Exactly one MetadataUpdated event MUST be emitted on every successful write. The metadata field MUST reflect the complete record as observable immediately after the write — for updateMetadataField this means the previously stored fields plus the newly updated one.

Read Semantics

• getMetadata, getValidatorName, and hasMetadata MUST NOT call the staking precompile.
• STAKING_PRECOMPILE() MUST return 0x0000000000000000000000000000000000001000.
• hasMetadata MUST return true iff the stored name is non-empty. Because name cannot be set to the empty string except as part of an all-default uninitialised slot, this is equivalent to “any metadata has ever been written for this validator and not subsequently nulled”.
• Implementations MAY expose additional view functions outside this interface (e.g. a combined “staking info + metadata” reader), but MUST NOT alter the semantics of any function defined here.

Chain Specifics

A registry contract conforming to this MRC is deployed at an ordinary contract address chosen at deployment time — not at the precompile address — and the two are unrelated other than that the registry calls into the precompile at 0x0000000000000000000000000000000000001000 for authority resolution.

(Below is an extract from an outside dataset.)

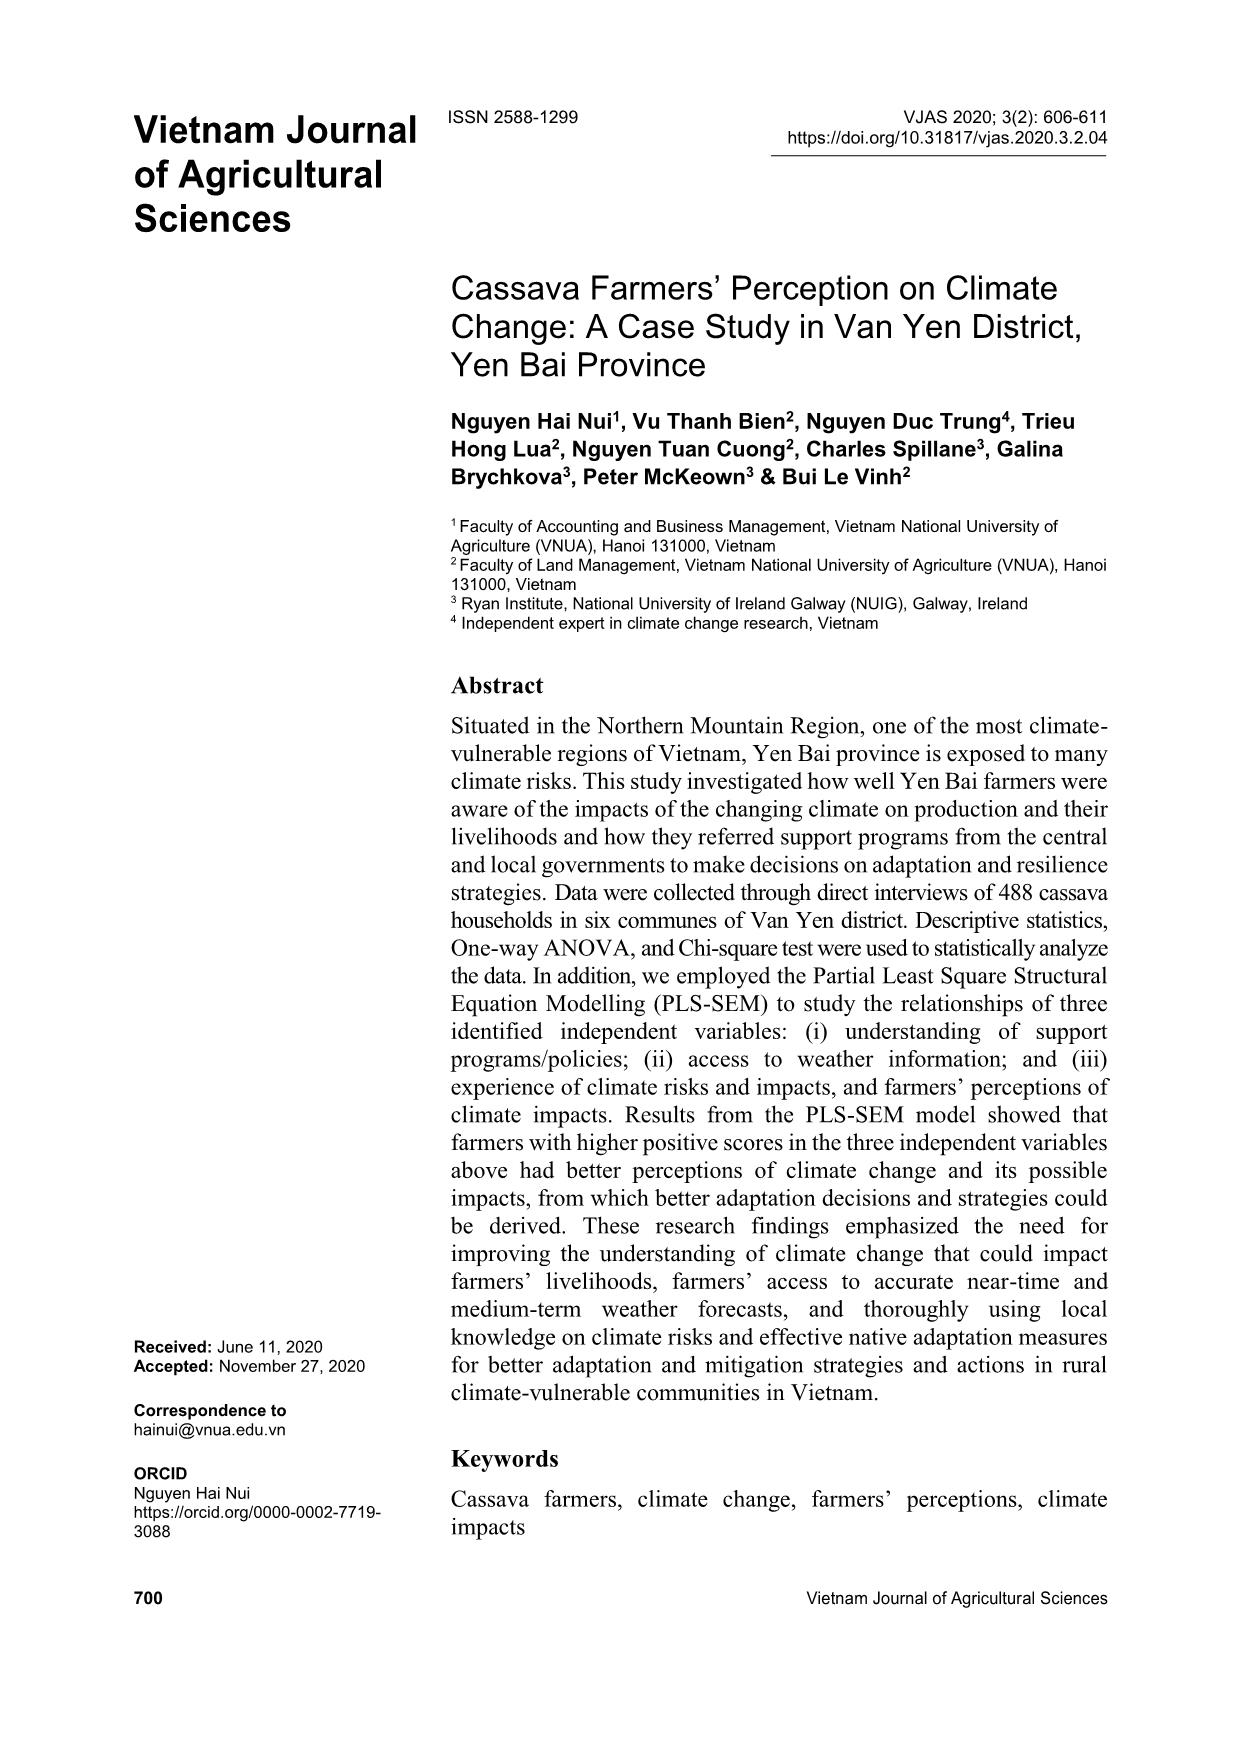 Cassava farmers’ perception on climate change: A case study in Van Yen district, Yen Bai province trang 1

This MRC defines an interface and a behavioural spec, not a specific bytecode or address. Any number of independently-deployed conformant implementations may coexist on any Monad-EVM network; this MRC does not designate any of them as canonical and does not record an address. Integrators and validators choose which conformant deployment(s) to write to and read from on the basis of their own trust and operational preferences.

Any deployment is valid only on networks that expose the staking precompile at 0x0000000000000000000000000000000000001000; on networks where the precompile is absent, write methods would revert and read methods that proxy through the precompile would return the zero record, so a conformant registry cannot function on such networks.

Rationale

Why anchor authorization to the staking precompile? The precompile already holds the canonical mapping from validatorId to authority address and is the only mechanism by which authority rotations are recognized by consensus. Re-deriving identity from any other source (e.g. an ECDSA signature over a name) would introduce a second, divergent identity system.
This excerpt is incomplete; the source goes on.